22 Haziran 2017 Perşembe

Toprağın Kitabını Yazan Adam : NADAL

Öyle güçlü bir karakteri yazmak çok da kolay değil aslında. Yaşadığı sakatlıklar, şanssızlıklar sonrası hem de 30’unu devirmiş, bir yerde tenis kariyerinin dörtte üçünü bitirmiş olmasına rağmen, böylesine güçlü dönebilmeyi kelimelere dökmek oldukça zor. Öncelikle Nadal’ın bu başarısını anlamak için onu izlemeniz, jest mimiklerine dikkat etmeniz ve oyunun her alanındaki heyecanını, başarıya olan açlığını gözlerinizle görmeniz, hissetmeniz gerekiyor. Eğer bunu yaptıysanız, devam edelim.

2017 yılı Nadal için Avustralya Açık’a ısınma mahiyetinde Brisbane’de başladı ve çeyrek finalde Raonic’e kaybetti. Kariyerinde sadece bir kez kazandığı Avustralya Açık’a geldiğinde ise kimse ondan şampiyonluk beklemiyordu. Djokovic ve Murray ağır favorilerdendi. Kazandıkça ritmini bulan Nadal; finale kadar yürüdüğü muazzam yürüyüşte Zverev, Monfils, Raonic ve Dimitrov gibi üst düzey tüm raketleri saf dışı bırakarak finalde herkesin kaç yıldır beklediği FEDAL finalini bizlere yaşattı. Nadal, aynı zamanda 2014 Roland Garros şampiyonluğundan bu yana ilk kez bir Grand Slam finali oynayacaktı.  Son derece epik bir mücadeleye sahne olan maçı Federer’e karşı 5 set ile kaybetti ama ilerisi için çok net bir mesajı da herkese vermiş oldu : “Hazır olun, Nadal bundan sonra daha güçlü gelecek!”. 1 ay sonra Meksika’da finalde Querrey’e finalde kaybetse de Amerika’daki Masters turnuvalarına tam anlamıyla hazırdı artık. 

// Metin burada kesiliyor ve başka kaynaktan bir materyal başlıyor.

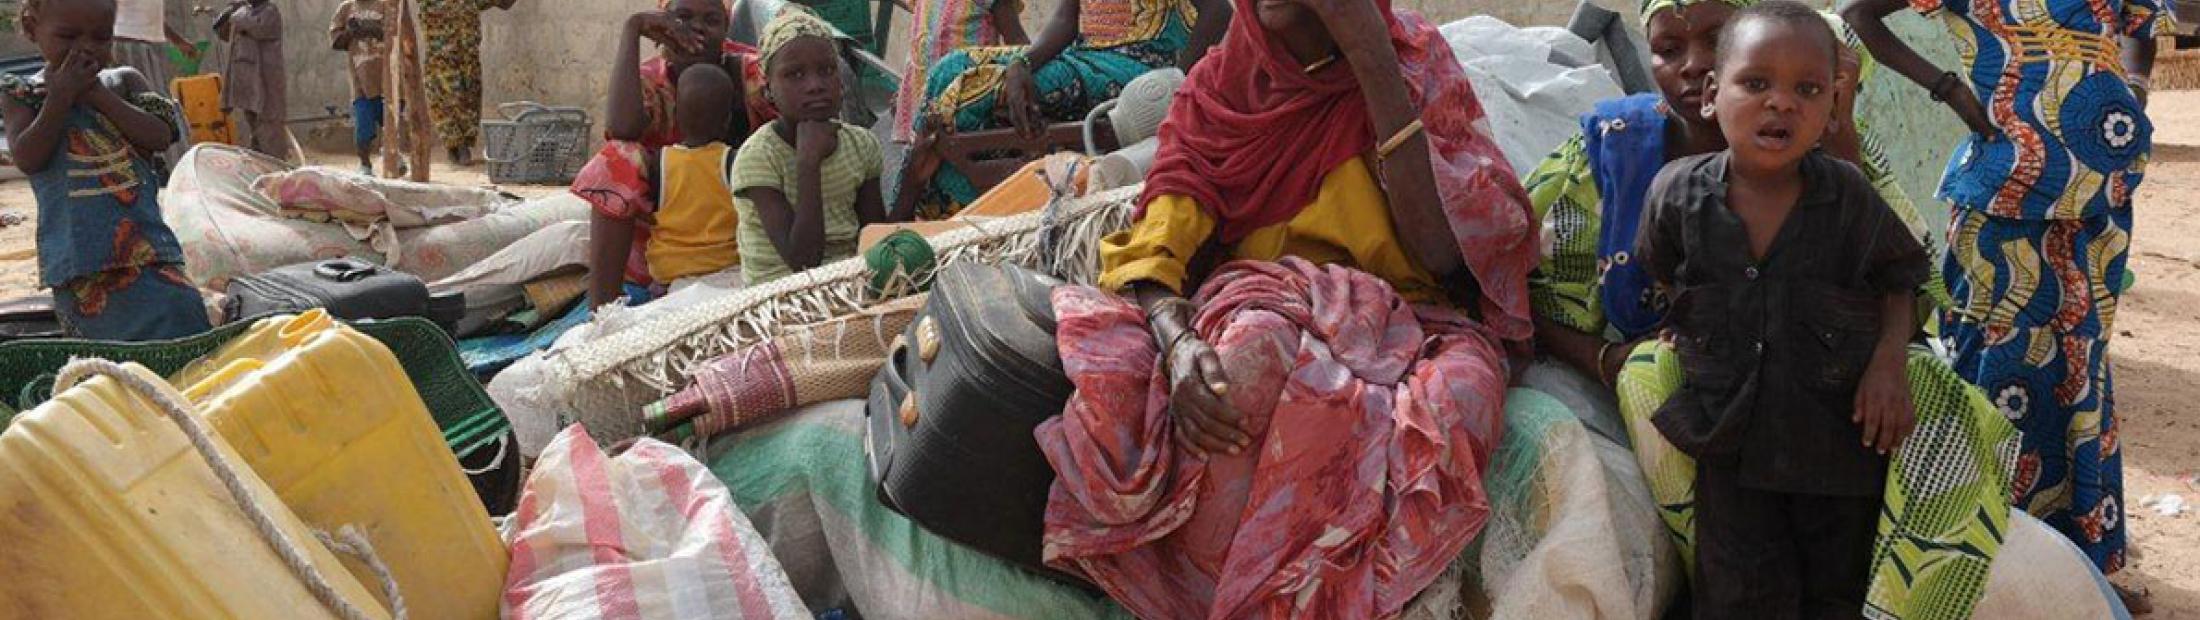 Los ataques de Boko Haram continúan provocando la huida de civiles en Nigeria y Níger
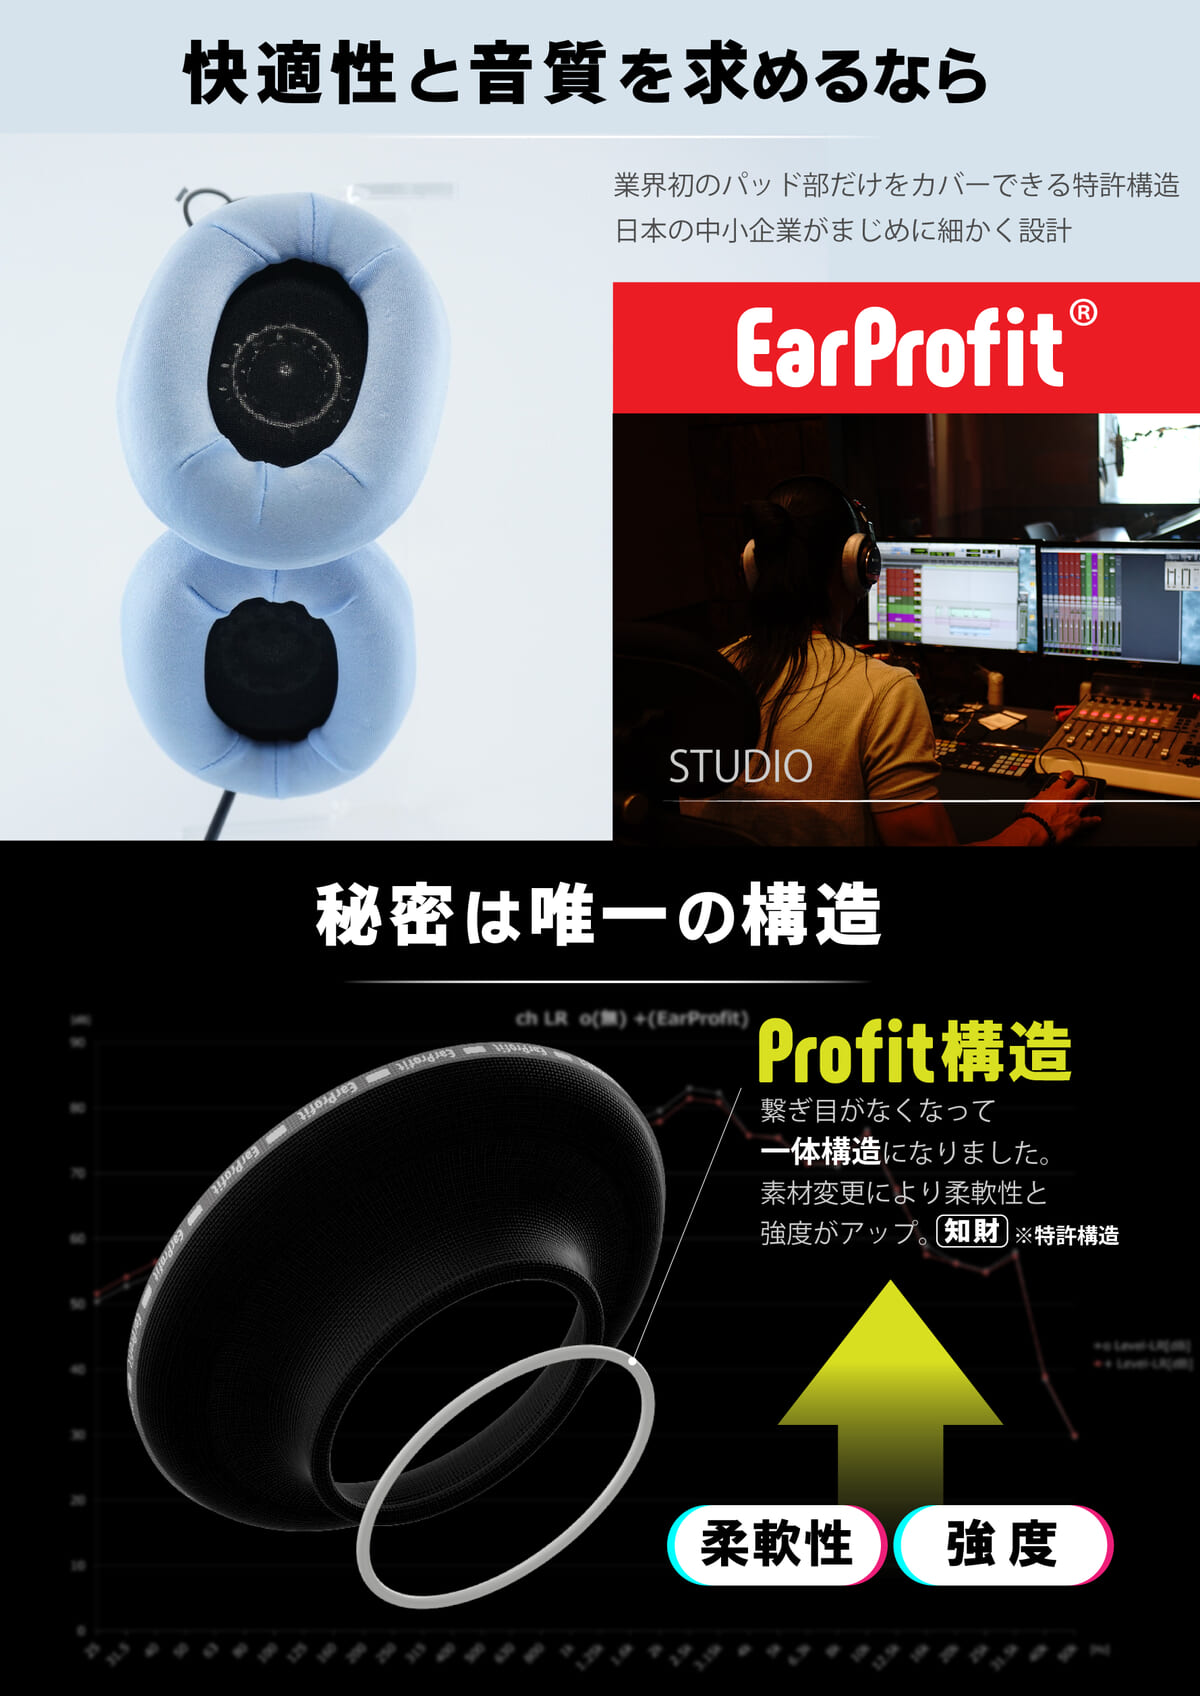 Heart of TOKYO「EarProfit」1

FEDAL finallerinin tadı damağımızda kalmıştı ki, İndian Wells hemen imdadımıza yetişmişti. Bu defa 4.turda birbirlerine rakip oldular. Federer, Avustralya Açık’ın aksine rahat kazandı ve akabinde zaten şampiyon oldu. Tarihin en büyük ezeli rekabetlerinden biri olan rakibi Federer’in 6 aylık sakatlığı sonrası böylesine efsanevi geri dönüşü şüphesiz Nadal için de büyük bir ilham kaynağı oldu. Toprak sezonu öncesi son büyük turnuvada Miami Açık’ta Federer’le bir kez daha finalde karşılaşması ve set kazanamadan kaybetmesi biraz gardını düşürmüş gibi görünse de artık Nadal, hedeflerine emin adımlarla ilerliyordu. İki ayda üç kez Federer’e yenilmesi belki onun kariyerinde ilk defa olan bir durumdu ama onun dilinde hep aynı sözler vardı : “Ben oyunumu geliştirmeye çalışıyorum ve sürekli finaller oynamak istiyorum.”
Miami ile beraber sert zemin sezonu bitmiş, Nisan ayı gelmişti. Takvimin üçüncü, sezonun ilk toprak Masters turnuvası olan Monte Carlo’da herkes Nadal’ın performansını merakla bekliyordu. Gelmiş geçmiş en iyi toprak oyuncusu olduğu herkesin malumuydu ama üst üste kaybedilen finaller sonrası nasıl bir reaksiyon vereceği yine de bir soru işareti olarak karşımıza çıkıyordu. Hep daha iyisi için çalışmaya devam eden ve her katıldığı turnuvada daha güçlü bir karakter koymayı tenis felsefesi olarak gören Nadal, inanılmaz geçecek toprak sezonunda ilk kupasını Fransa’da Monte Carlo’da vatandaşı Ramos Vinolas karşısında kazandığında erişilmesi güç bir rekoru da beraberinde getiriyordu. Monte Carlo’da toplamda 10.şampiyonluktu bu. Halka devam edecek ve hemen akabinde Barcelona Açık’ta kariyerinin belki de en rahat şampiyonluğuna hiçbir maçta set kaybetmeden ulaşacak (finalde Dominic Thiem’i yendi) ve mabedinde kazandığı kupanın toplam sayısı yine 10 (on) olacaktı. Barcelona Açık; Nadal’ın aynı zamanda toplamda 18. kez ATP500 Masters şampiyonluğu olmuştu.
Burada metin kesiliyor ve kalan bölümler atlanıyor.